Wall noted that there are more than 2,400 new coal-fired power plants planned or under construction around the world, according to a report released last December at the Paris climate change summit. Those plants alone will emit 6.5 billion tonnes of carbon dioxide a year – nearly nine times Canada’s annual greenhouse gas (GHG) emissions.

“This is why innovation – developing technology that can be used around the world to reduce emissions – is the logical response if we actually want to solve the problem,” Wall said in the statement.  “In Saskatchewan, we’re focused on making a difference in that battle through the development of carbon capture and storage (CCS) that could dramatically reduce the emissions from those 2,400 new coal-fired plants.”

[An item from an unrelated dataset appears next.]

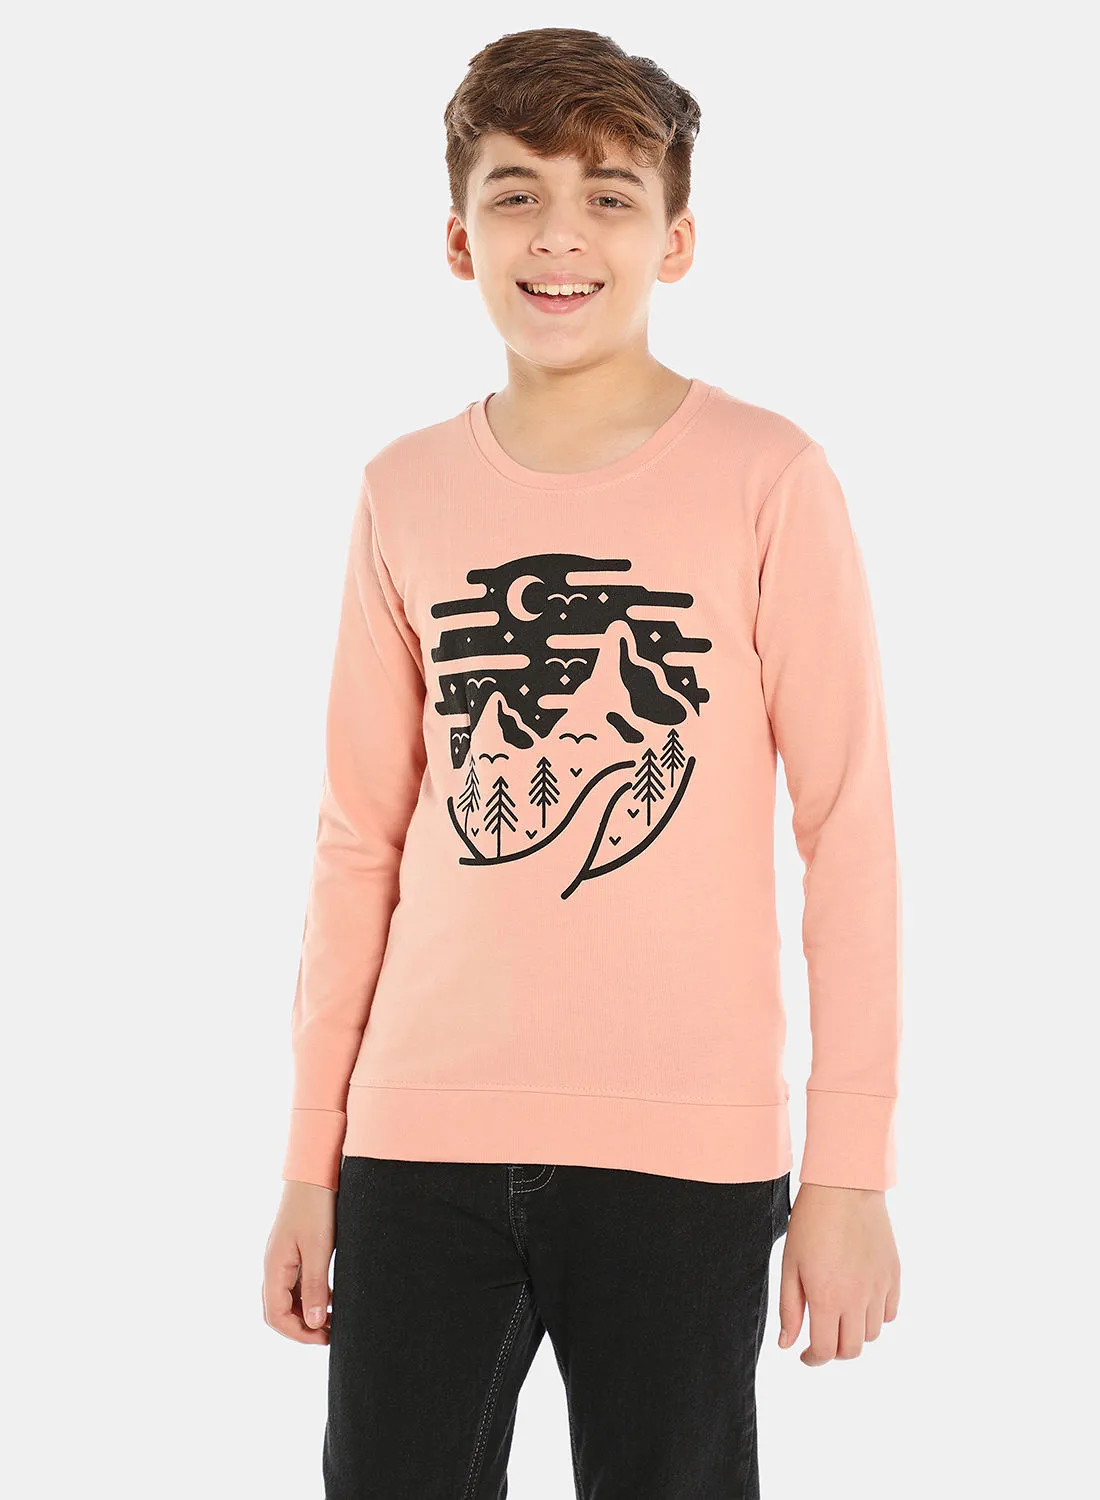 QUWA Comfortable Boys Graphic Printed Long Sleeve cotton Crew Neck Sweatshirt Pink/Black

Wall’s plan for action by the Saskatchewan and Canadian government includes:

  • Calling on the federal government to double funding for climate change adaptation research, planning and infrastructure, targeted specifically at areas affected by the impact of climate change, like remote northern communities;
  • In Saskatchewan, supporting the Crop Development Centre and the Global Institute for Food Security as they continue working on new crop varieties that are better able to withstand climate change and that effectively fix GHGs to the soil;
  • Partnering with the federal government through SaskPower and the International CCS Knowledge Centre to develop the next generation of CCS technology for coal plants to enable cost-effective global deployment of post-combustion technology and securing recognition for investments made by the people of Saskatchewan through SaskPower in CCS technology;
  • Calling on the federal government to redeploy its $2.65 billion, five-year commitment to developing countries to deal with climate change by adding it to the existing $2 billion federal Low Carbon Economy Trust and use that funding for research and innovation in Canada that has the potential to reduce emissions worldwide, with technologies like CCS and small nuclear reactors;
  • Increasing SaskPower’s renewables like wind and solar to 50% of its generating capacity by 2030;
  • Pushing for recognition of emission-reducing carbon offsets, like hydro exports from B.C., Manitoba and Quebec, and the carbon stored in Canada’s vast forests, wetlands and farmland; and
  • When the resource economy strengthens, moving ahead with plans for a fund supported by a levy on large emitters, with the fund’s expenditures limited to new technologies and innovation to reduce GHGs and not for general revenue.

“Energy, mining, agriculture – the backbone of Saskatchewan’s economy – will be hit hard by a carbon tax,” said Saskatchewan Premier Brad Wall. Credit: Government of Saskatchewan.

“Make no mistake – a carbon tax will harm Saskatchewan,” Wall said in the statement. “Thousands of people make their living in trade-exposed, carbon-intensive industries that are especially vulnerable. Energy, mining, agriculture – the backbone of Saskatchewan’s economy – will be hit hard by a carbon tax.”

On Oct. 3, Trudeau pre-empted climate change negotiations with Canada’s premiers, announcing that the federal government will impose a pan-Canadian floor price on carbon pollution, the Canadian Press reported. Under the plan, a “low carbon price” of $10 per tonne would start in 2018, rising by $10 per tonne each year until it reaches $50 per tonne in 2022.

And he gave the provinces just two options for implementing that price: either impose their direct price on carbon that meets or exceeds the national flood price, as British Columbia has already done, or set up a cap and trade system, as Ontario and Quebec are developing.

If any province or territory does not implement one of the two options by 2018, “the government of Canada will implement a price in that jurisdiction,” Trudeau warned, adding that all revenue would be given to the province or territory in which it is generated.